Sunday, December 14, 2008

Palenque, Mayan ruins number three

Our first night in Palenque we arranged to meet Sarah for dinner in a local restaurant called Las Tinajas, and spent the late afternoon sorting out money and having a drink on the main plaza (which at dusk was invaded by thousands of squawking birds).

The meal in Las Tinajas was probably the best Mexican meal I've ever tasted, and the salsa sauce was one of the tastiest and hottest I've ever tried too. We all ordered local Mexican stuff, and it was all gorgeous.

Next morning, not too early, we got a minibus from just outside our hostel to the ruins of Palenque, only 8kms away. We paid the cheap entrance fee (the cheapest by far of all the Mayan ruins we've visited), and strolled about the site. Again all extremely impressive, and quite different from both Copan and Tikal. The setting here is fantastic, set in dense jungle, and this time we got great views of the resident howler monkeys. The sound these monkeys make really is incredible - I reckon it sounds exactly like nasty zombies in a horror movie or something, all very eerie and not a little disconcerting, and all extremely loud! (In fact, according to Wikipedia '...they are considered the loudest land animal. According to Guinness Book of World Records, it can be heard clearly for 3 miles.')

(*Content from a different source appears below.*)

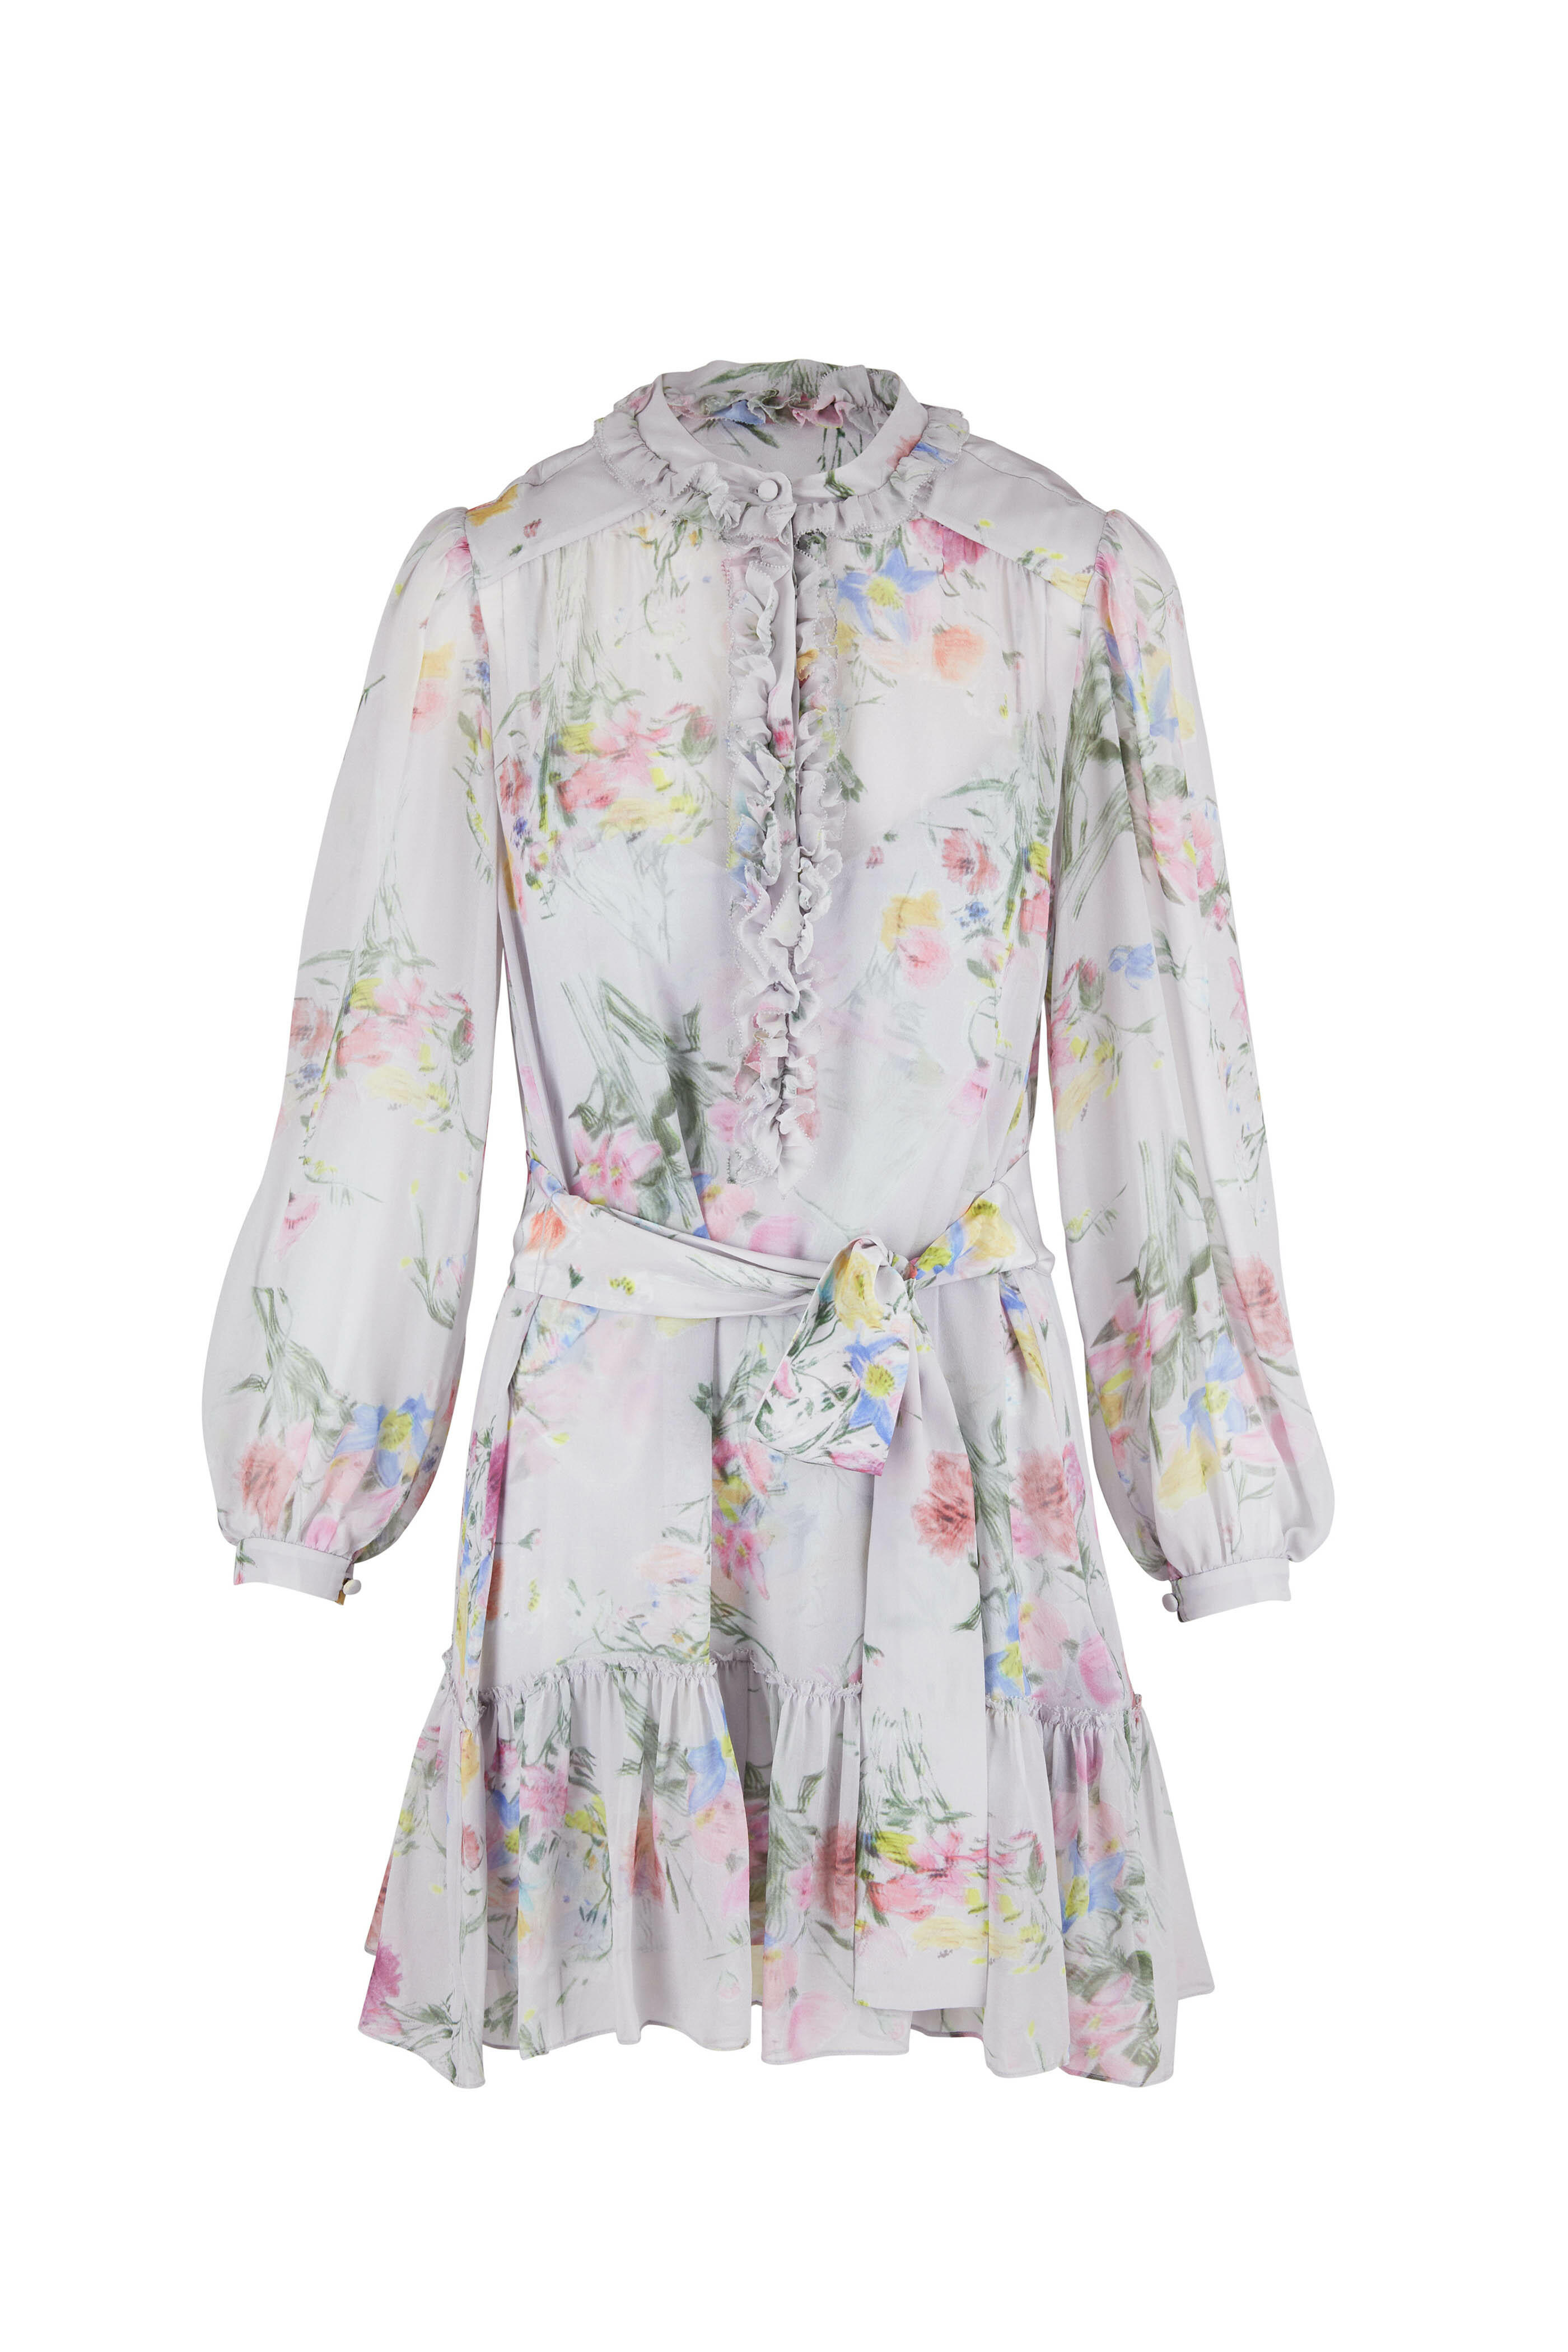 Dorothee Schumacher - Article Floral Romance I Multicolor Silk Dress

The weather was back to being spectacular again, and luckily this site isn't so large or spread out. So we took long leisurely rest stops atop temples and palaces, and just took our time ambling about (and eating our packed sandwiches from the top of the Temple of the Cross, the highest structure there, looking out over the ruins and the dense jungle all around us). One small criticism I would have about Palenque though is the number of hawkers allowed to push their wares inside the site itself (at the other Mayan sites the hawkers are all kept outside the gates). They were all over the place, all selling the same stuff, and it seemed a bit of a desecration of the ancient sacred site.

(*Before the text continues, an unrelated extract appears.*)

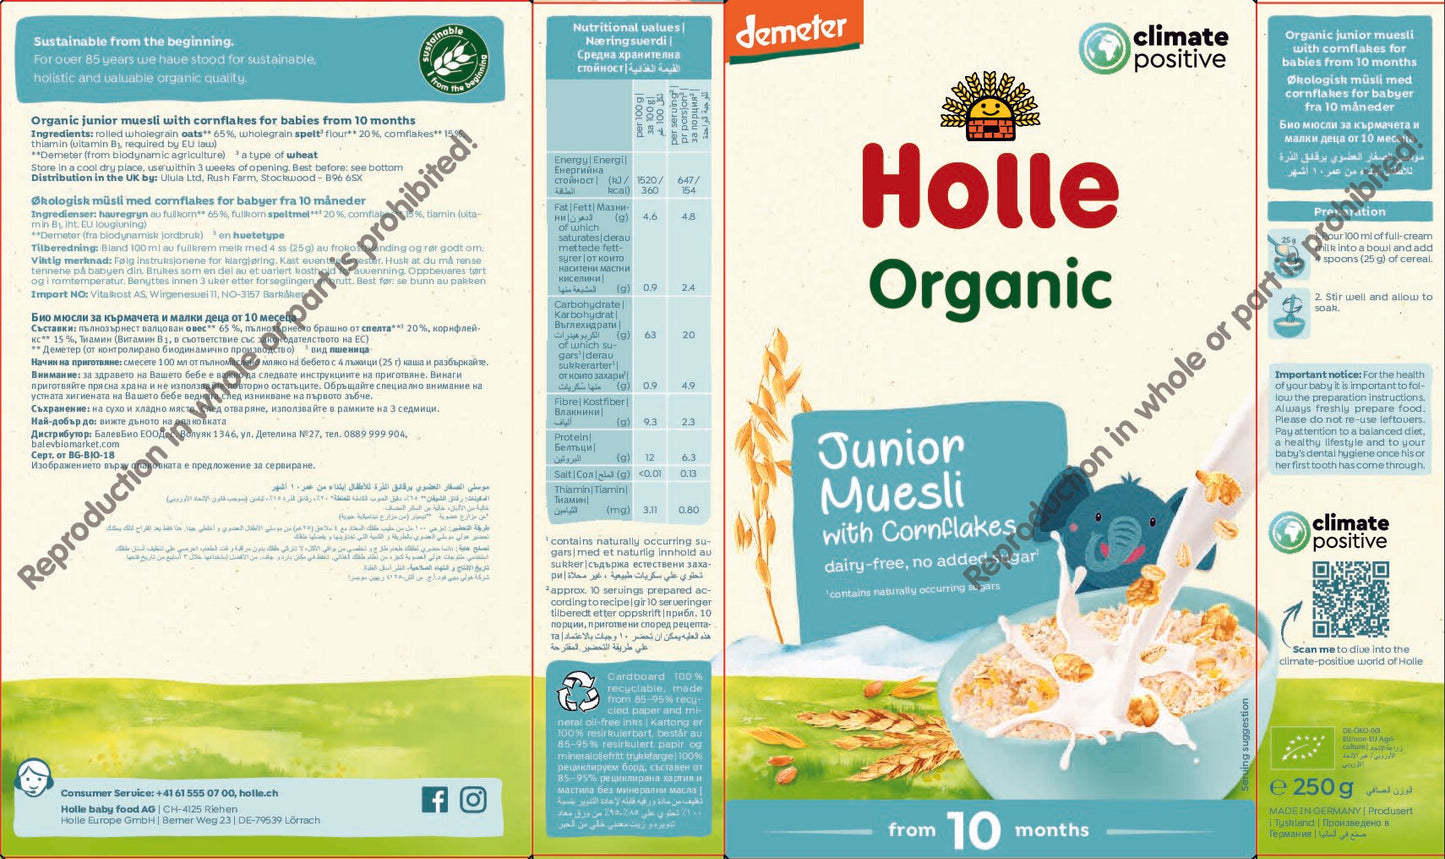 Holle Junior Multigrain Muesli with Cornflakes (10+ Months)

Anyway, on our way out of the ruins we visited the museum. Everything here was impressive, some of it extremely so, but the highlight by far for me was the amazingly huge and intricately carved stone sarcophagus of one of the greatest Maya rulers. It was beautifully presented I must say and certainly the single most impressive artifact of all the sites we visited.

Later that night we meet up with Sarah again, and a Turkish guy who was also on our trip from Tikal, and went for dinner in another guidebook recommended restaurant, La Selva. This time though the food was disappointingly mediocre, so of course the books don't always get it right.

That night we booked our last major bus ride up to the town of Puebla, from where we fly up to Tijuana. The bus was at 7pm though, so the next day we had a nice long lie-in and I spent most of the day using the Internet trying to organise our next major leg of this trip to Asia.